The Dialog Interchange Program is an ongoing research project started in the 1970s by Dr. Wyczek's visionary idea of crafting an innovated approach for improving social communication.
The Dialog Interchange Program is a mockumentary style film that illustrates our cultures desire for the replacement of traditional communication for digital means.
Since the telephone's invention humans have been able to communication over long distances, however as we grow further apart and move around our communication helps to keep us in touch.
Unfortunately, we have began to substitute newer means of communication for verbal dialog such as Facebook, Twitter, Snapchat, and Instagram we ultimately become less personally invested.

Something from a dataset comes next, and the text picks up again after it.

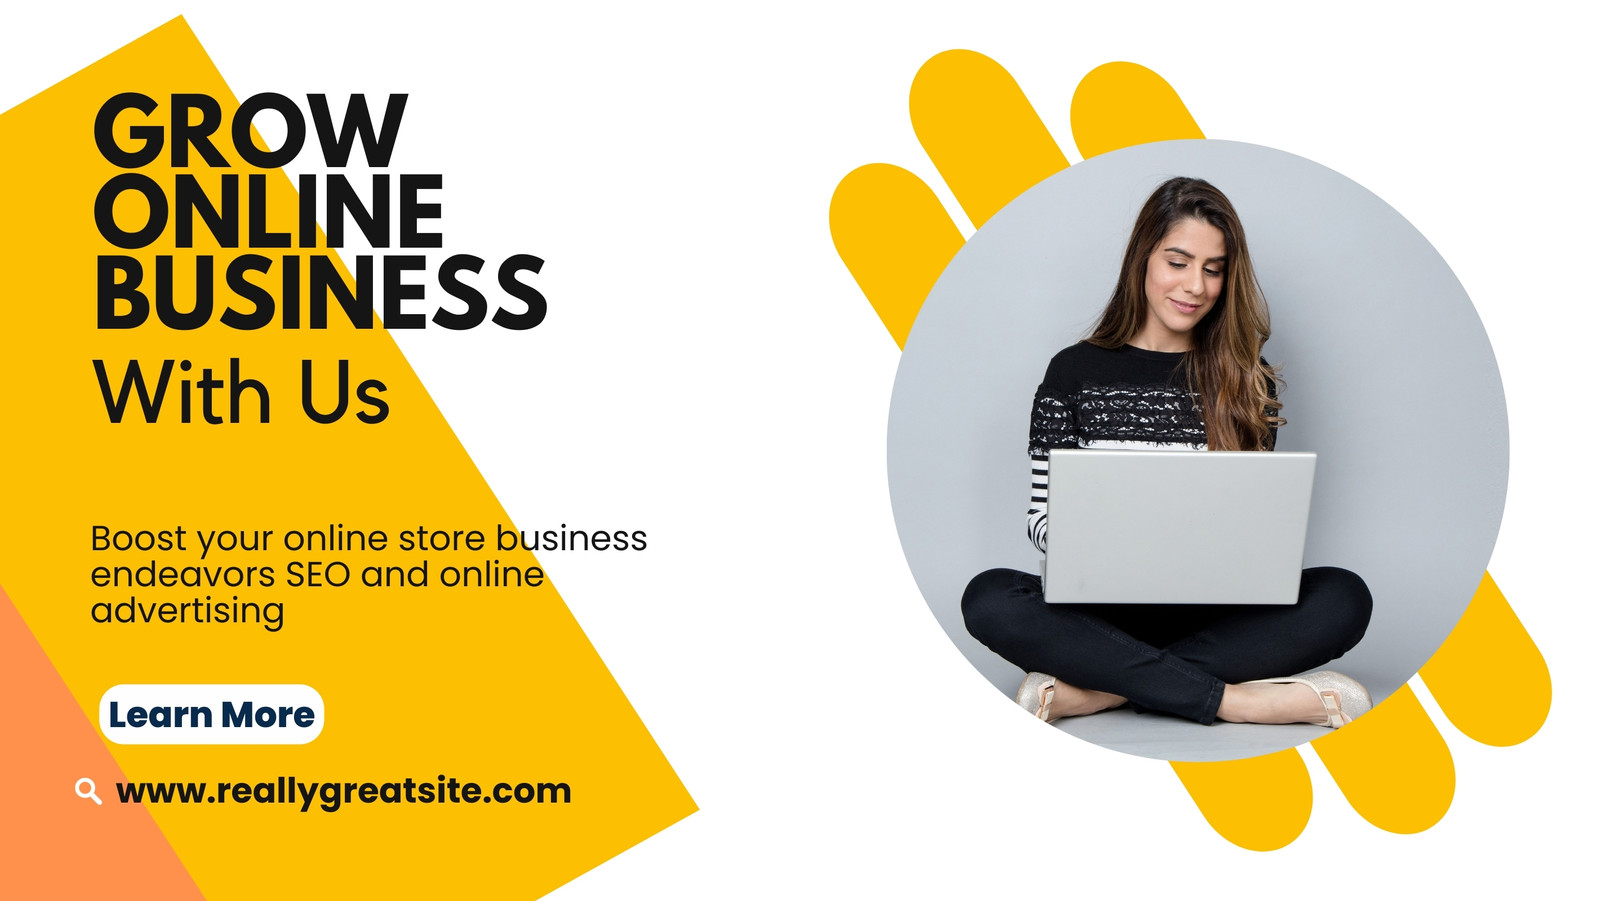 Free business Facebook cover templates to customize | Canva

This film is a statement about the absurdity surrounding these means of communication and how our culture will continue to be come more antisocial as we adapt and accept these substitutions.
Roby McGuen plays the Dr. Eward Wyczek in this hilarious mockumentary. He has always had a great spirit for comedy and really aided in pushing this film to new heights.
Roby McGuen has been a long time friend of mine since my early years at the University of Texas at Arlington. I cannot actually remember when we first met, but I knew he was a professor of graphic design and digital arts.
He boisterous laugh and staggering figure always made him seem like a jolly grand figure. Searching for a actor who could play the part of Dr. Wyczek posed a trying problem as many of the talent pool did not have the look and voice I saw this man to be.
He needed to be someone whom you could believe was passionate about his field and even in the faces of naysayers he would laugh and keep chasing the perfect idea.
This film was a big attempt at making my first comedy. It was a real struggle to learn how to write something that I knew others would find humorous.
The key to this I learned in my final year in graduate school through research and reading many books on writing. I found that what helped was finding a topic that many can relate to and use that as the underlying aspect of discussion which was communication.
So many times people get frustrated with communication and miscommunication and then by adding technology in the mix it can really add more strain. Consider auto-correct mistakes and how they have not only become a thorn in our side, but they have also become a huge sensation for comedy.
These are funny because they are not only relatable but they are also frustrating. This type of humor is very similar to slip and fall jokes. We can laugh at others' blunders because we have been there too.